I watched as hundreds of millions were wasted that could actually have been used to solve our county’s biggest problems. As turnover in leadership of core County departments reached unprecedented levels. The Chair’s lack of vision, failure to understand the subject matter or core work of the County, and failure of accountability resulted in crisis after crisis. And as a lack of leadership, planning, and a sense of urgency resulted in the County flailing in the storm.

Despite all the challenges, including a Chair and a board that would not entertain alternative ideas, I was able to achieve some big picture change. I changed the narrative around homelessness, and set the foundations for creating a functional homelessness-to-housing continuum, creating a holistic person-centered behavioral health system, and demanding accountability and transparency in County governance. Meanwhile, I ensured that the County’s ambulance crisis was addressed, even though the Chair acted almost two years too late; introduced innovative policies to address critical environmental and public health risks posed by the Critical Energy Infrastructure Hub; and always showed up on the front line and in the community.

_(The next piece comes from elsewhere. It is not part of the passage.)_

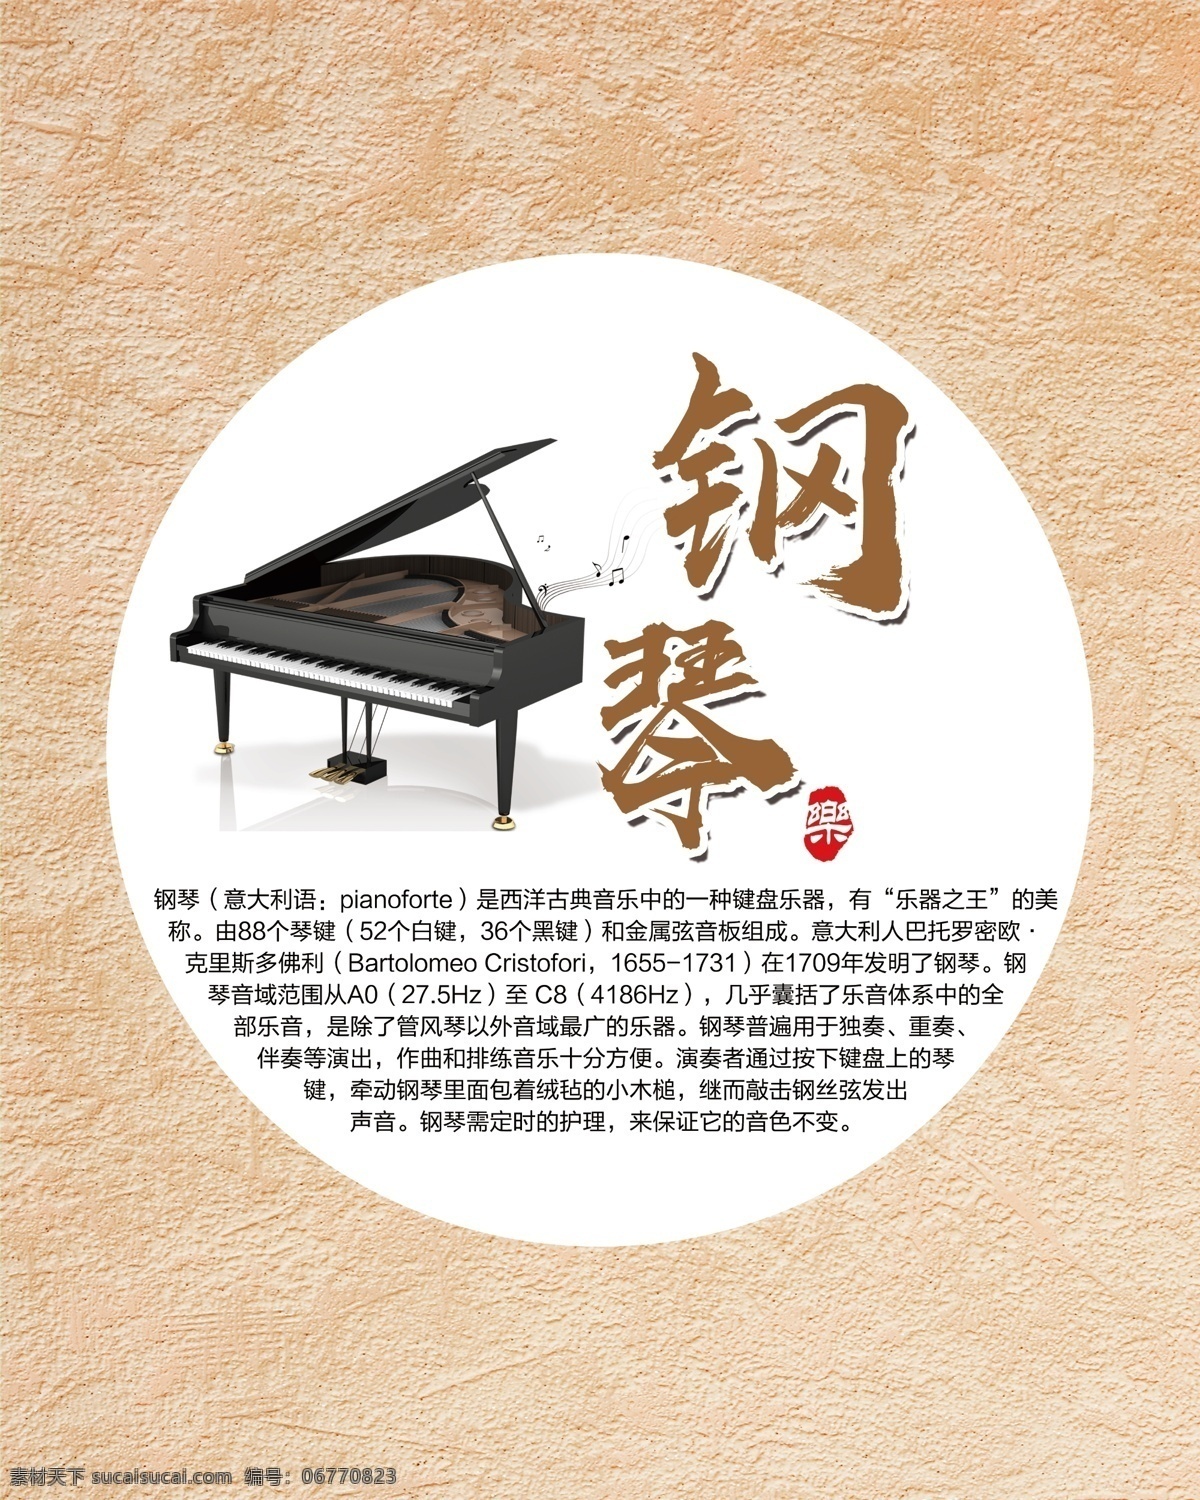 钢琴海报 钢琴 乐器 培训 海报 画框 古风 中国风 琴 音乐

I believe that critical thinking and constructive dialogue are keys to good governance and creating systems that work. In fact, they are fundamental to core democratic values. Speaking truth to power is hard, and in many ways it’s even harder when those in power supposedly share your same values. While it wasn’t easy being a lone voice for change on the County board, I heard from many people that it gave them hope to see someone calling out our failed systems and proposing solutions. My reputation as a truth-teller, a systems thinker, and a problem-solver was hard-earned, but I wouldn’t change a thing. Those who are afraid of constructive disruption should not be leading. 

Right now, we need a single reliable source for information about our local government – the good, the bad and the ugly. Many people have misquoted me or misinterpreted my actions during my time in office, but here you will hear from me directly. You will have an opportunity to ask questions that I’ll answer directly to the best of my ability. And we can have the conversations that politicians too often seek to avoid. Many people know a lot about different pieces of our systems – politics, behavioral health, homelessness, public safety, accounting. But knowledge of one piece of the puzzle is not sufficient to change the trajectory of the County. 

What I bring is a unique combination of institutional knowledge, policy background, decades of involvement in the core work of the County, and front-line experience of how County policies play out in the real world.

My unique background, experience, expertise, and relationships allow me to do the one thing that can turn our County around – connect the dots. As I’ve thought about next steps after serving on the County board, I decided to put together this combination website/blog/newsletter/commentary because this information is simply not otherwise available. It is aimed at people who do not simply accept the status quo at face value, who are critical thinkers, and who question what they read in the paper. It’s for those who truly want to know about and then do something about what’s really ailing our community. 

I wake up every day and try to do the best I can to make this world a better place, using what I know to help impact the people, places and issues I care about.

I hope you will join me on this journey.